* [Description of the task]
Take the lines below from the one with "50+] Buddy The" through the one with "Calendar August 2021 women" and retype them exactly. Include nothing else, and no pictures.

* [Provided data]

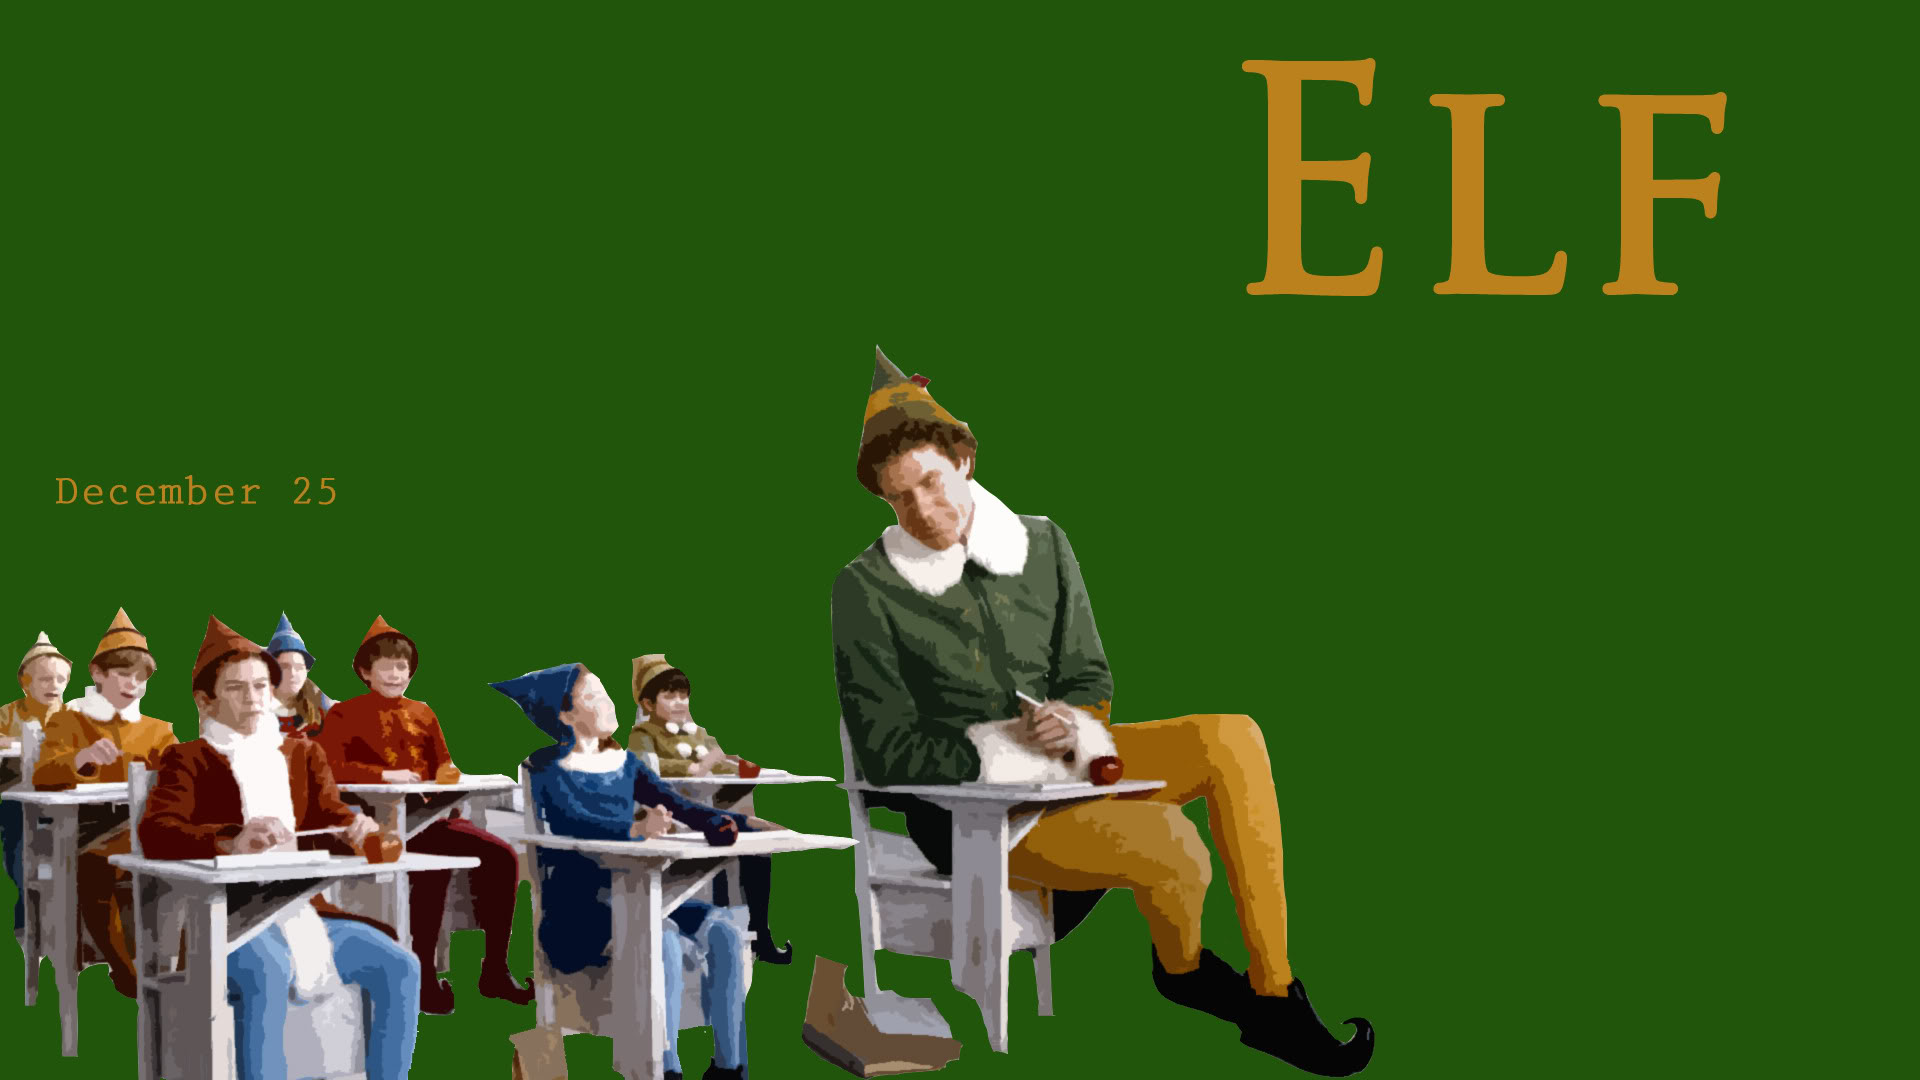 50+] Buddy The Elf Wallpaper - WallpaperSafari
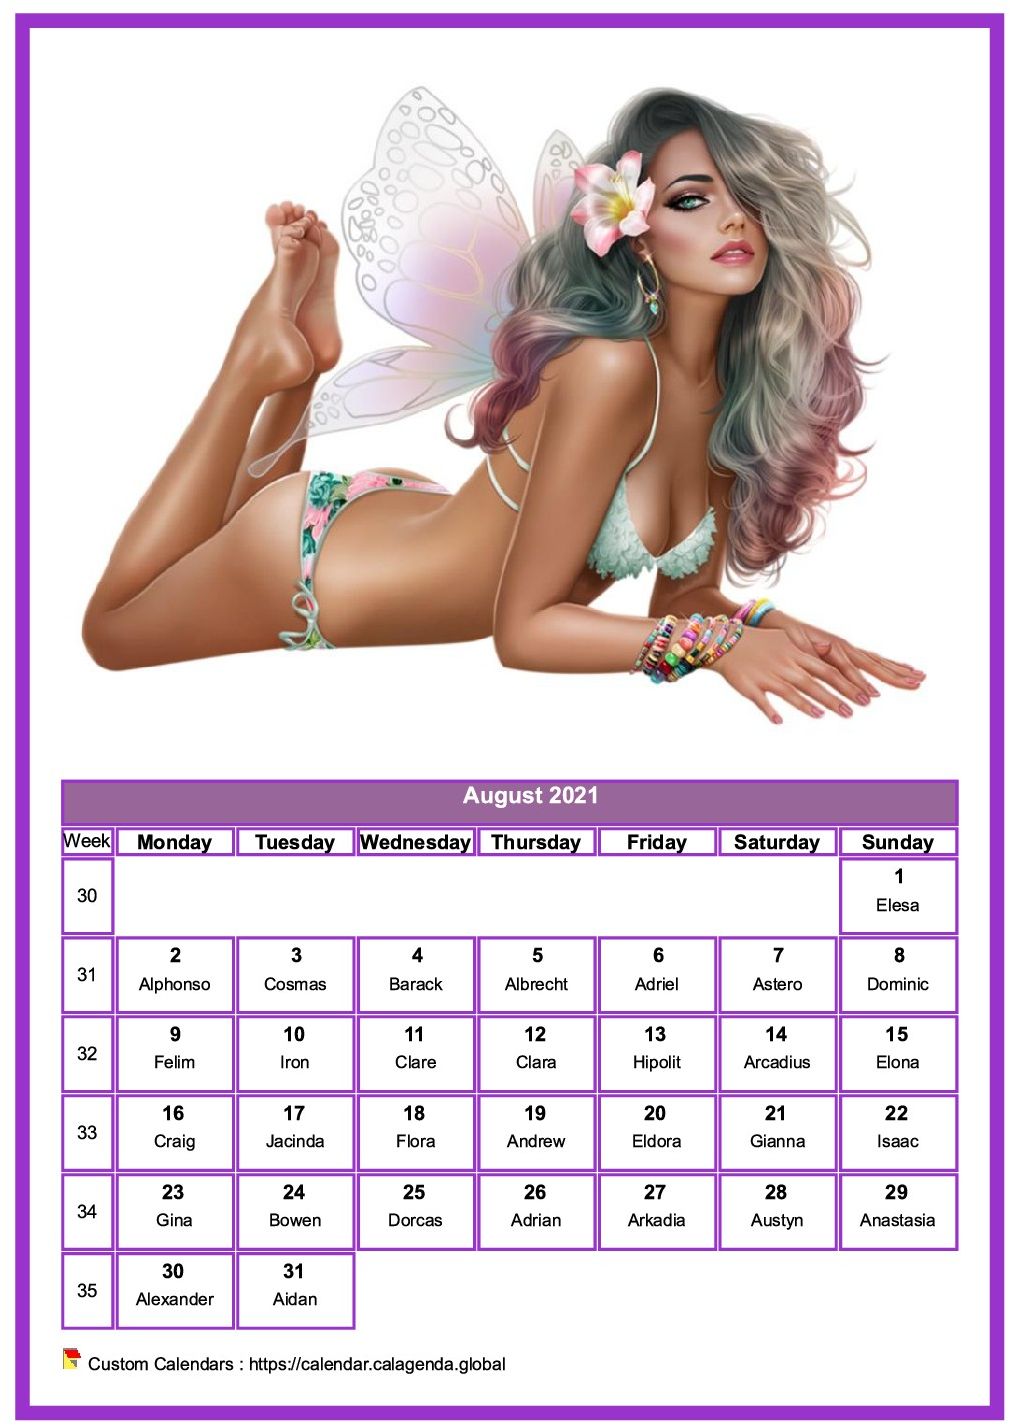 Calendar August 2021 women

==

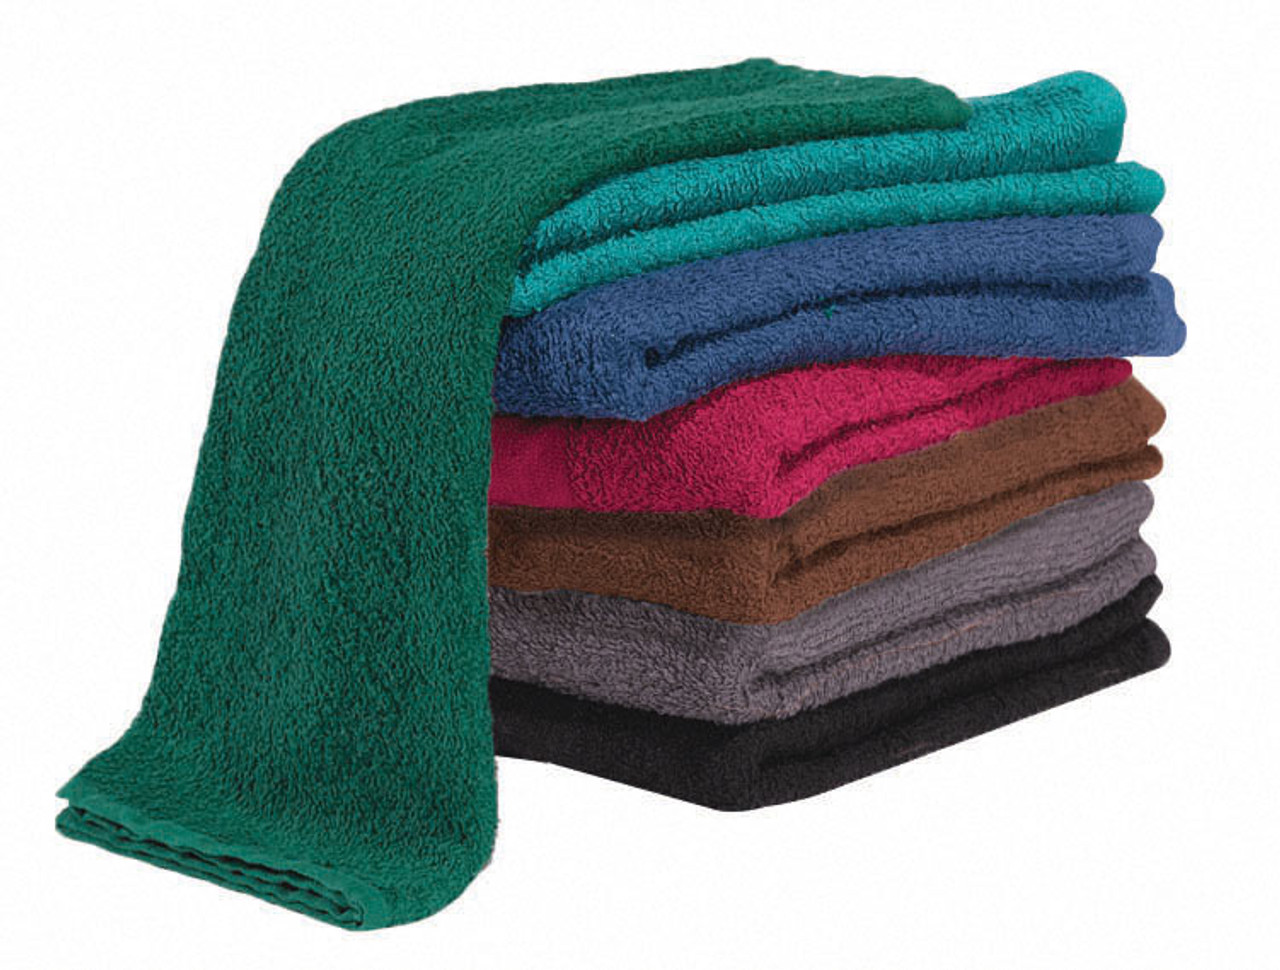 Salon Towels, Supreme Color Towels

* [Answer to the problem]
 50+] Buddy The Elf Wallpaper - WallpaperSafari
 Calendar August 2021 women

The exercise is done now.